The present systematic review summarizes the research and development on inductively coupled plasma mass spectrometry (ICP-MS) in geographical origin authentication of agricultural products, food, and beverages. In addition to multi-elemental analysis, C, H, O, S, and Sr stable isotope ratio analysis is often utilized complementary, providing a more complete data source for confirming the research objective. The reader is able to understand the fundamentals of the ICP-MS technique in a brief tutorial presentation in Section 2, while Section 3 offers a complete overview of the research about ICP-MS in authenticity of geographical origin of food. Notwithstanding the fact that, when origin authentication and traceability of agri-food products is the main issue, ICP-MS has been the first option, confirming the superiority of the technique in the field. This is, also, confirmed by the huge number of publications on the topic and even more by the representative works of Zhou et al. [146] and Quinn et al. [6], who successfully determined the geographical origin of global honeys and Asian rice samples, respectively. Hence, it can be safely concluded that ICP-MS analysis is mature with the highest possible accuracy and precision in multi-elemental measurements with low uncertainty. Novel instrumental developments allow researchers to avoid and/or correct possible drawbacks of the technique including the interferences (spectroscopic and non-spectroscopic), Plasma Effects, Space-Charge Effects and Sample Introduction Effects which result in false data. Edible products from diverse areas have been shown to differentiate on their matrix compositions which affect the inorganic components of food substances.

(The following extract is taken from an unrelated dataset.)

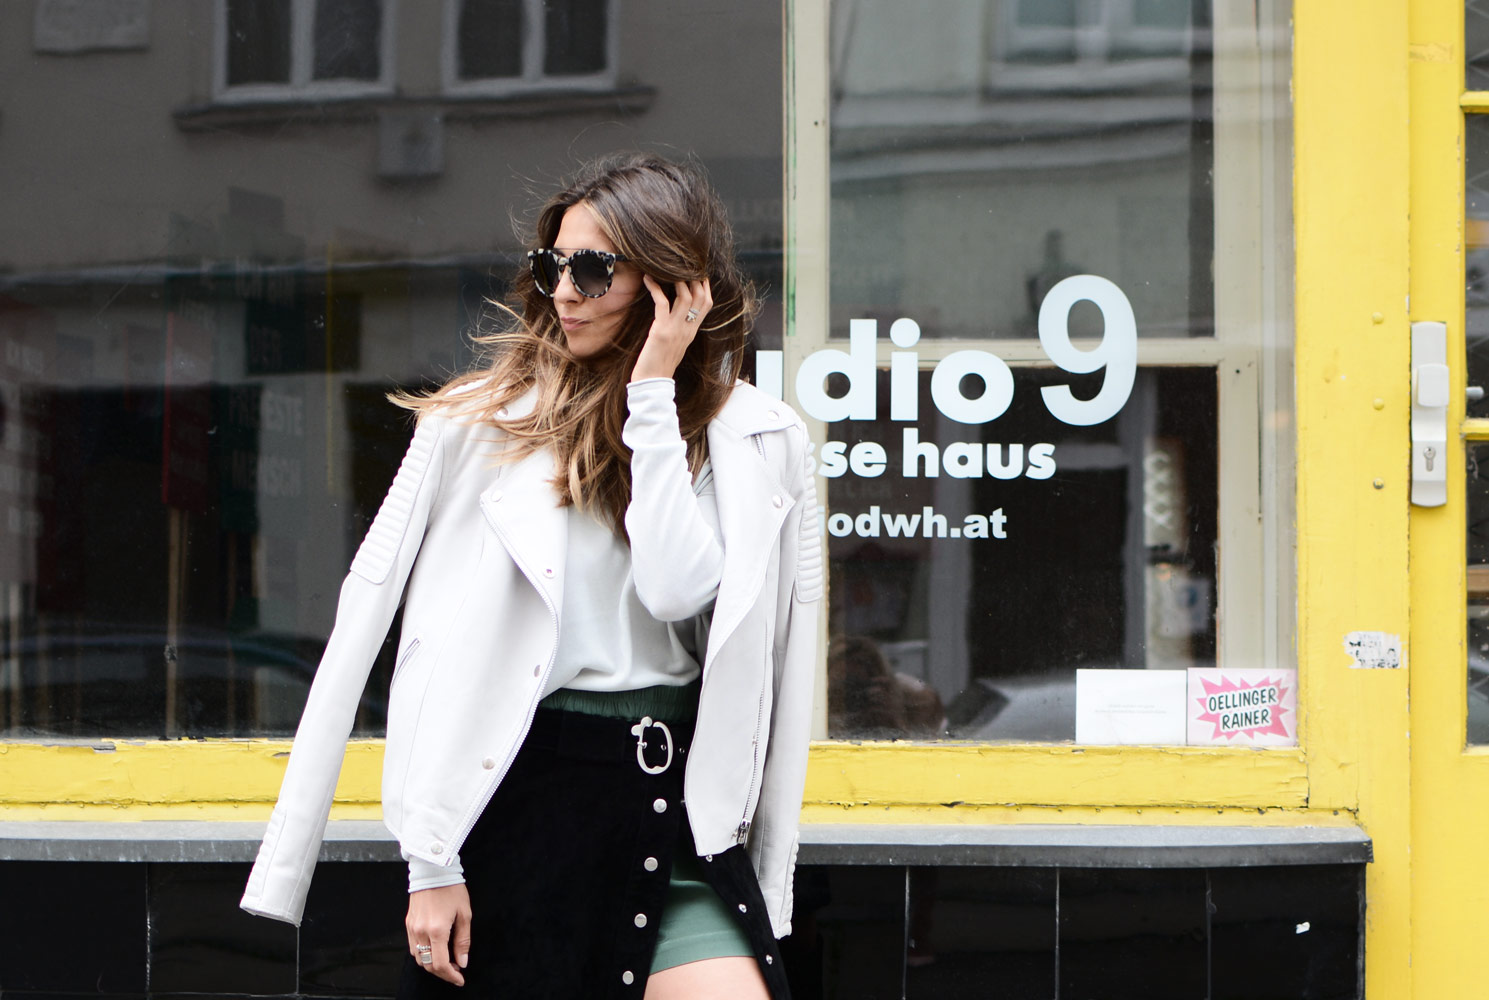 overknee Stiefel, madonna blogger award 2017, fashion
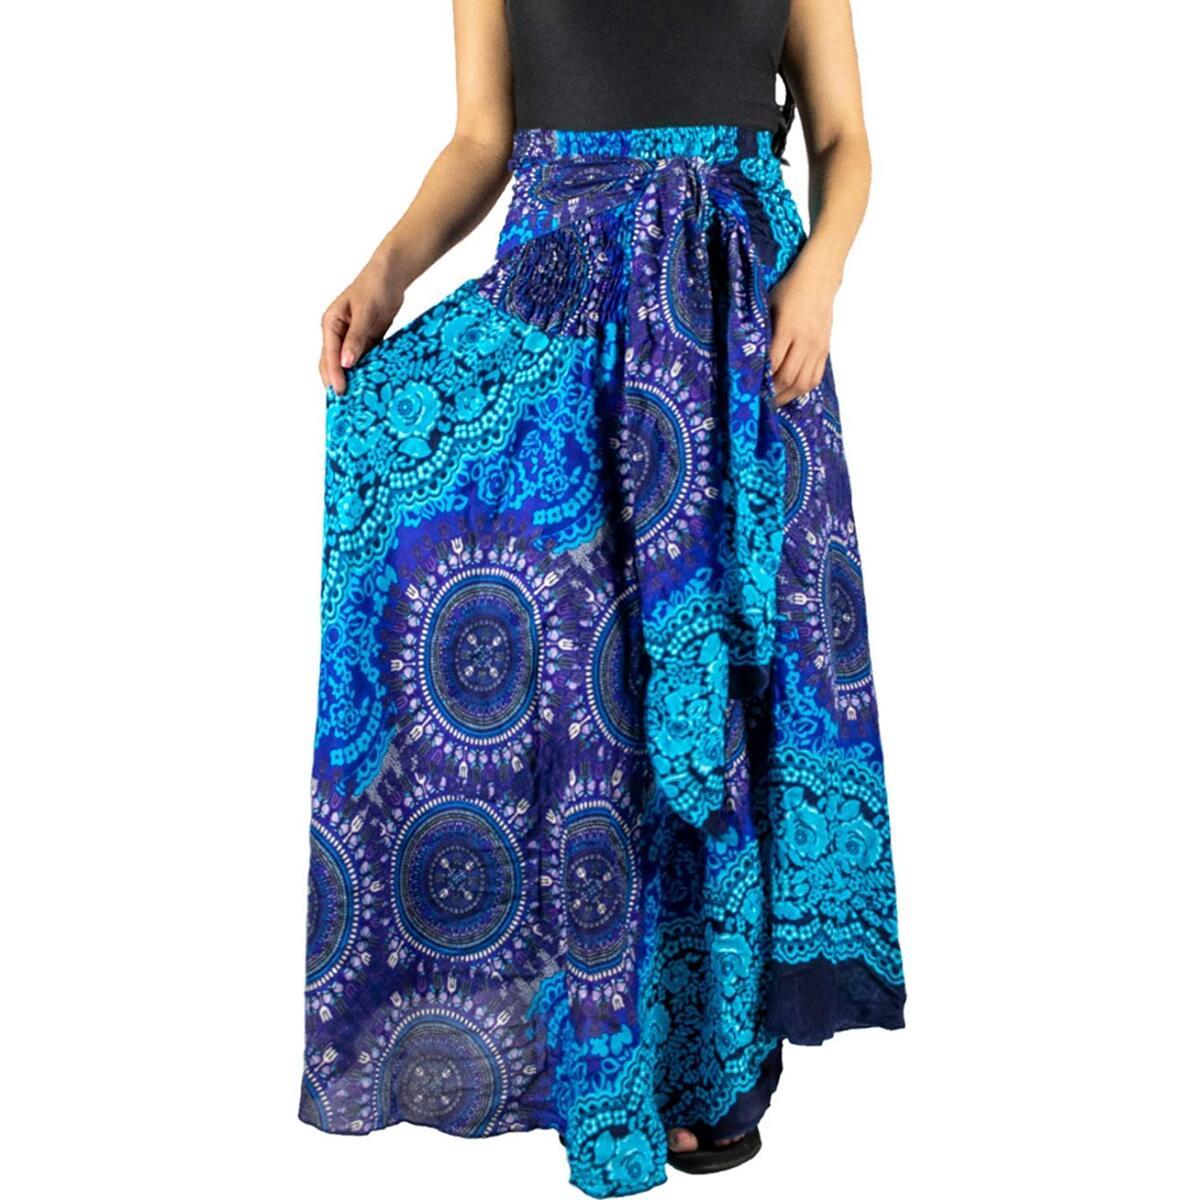 Happy Trunks Long Maxi Skirts for Women Gypsy Hippie Clothes Bohemian Boho Dress Plus (Blue S-M)

Exploiting this, ICP-MS is highly beneficial providing information about the geographical origin of food products due to the variety of matrices and consequently the inorganic components.

Author Contributions

Conceptualization, E.C.M., A.Z., A.P. and A.L.; methodology, E.C.M., A.Z., A.-A.T. and A.K.; validation, E.C.M., A.Z. and A.K.; investigation, E.C.M. and A.Z.; resources, A.P. and A.L.; data curation, E.C.M., A.Z. and A.-A.T.; writing—original draft preparation, E.C.M.; writing—review and editing, E.C.M., A.Z., A.P. and A.L.; visualization, E.C.M.; supervision, A.P. and A.L.; project administration, A.L.; funding acquisition, A.P. and A.L. All authors have read and agreed to the published version of the manuscript.

Funding

This research has been financed by the Public Investment Programme/General Secretariat for Research and Innovation, under the call “YPOERGO 3, code 2018ΣΕ01300000: project title: ‘Elaboration and implementation of methodology for authenticity and geographical origin assessment of agricultural products’.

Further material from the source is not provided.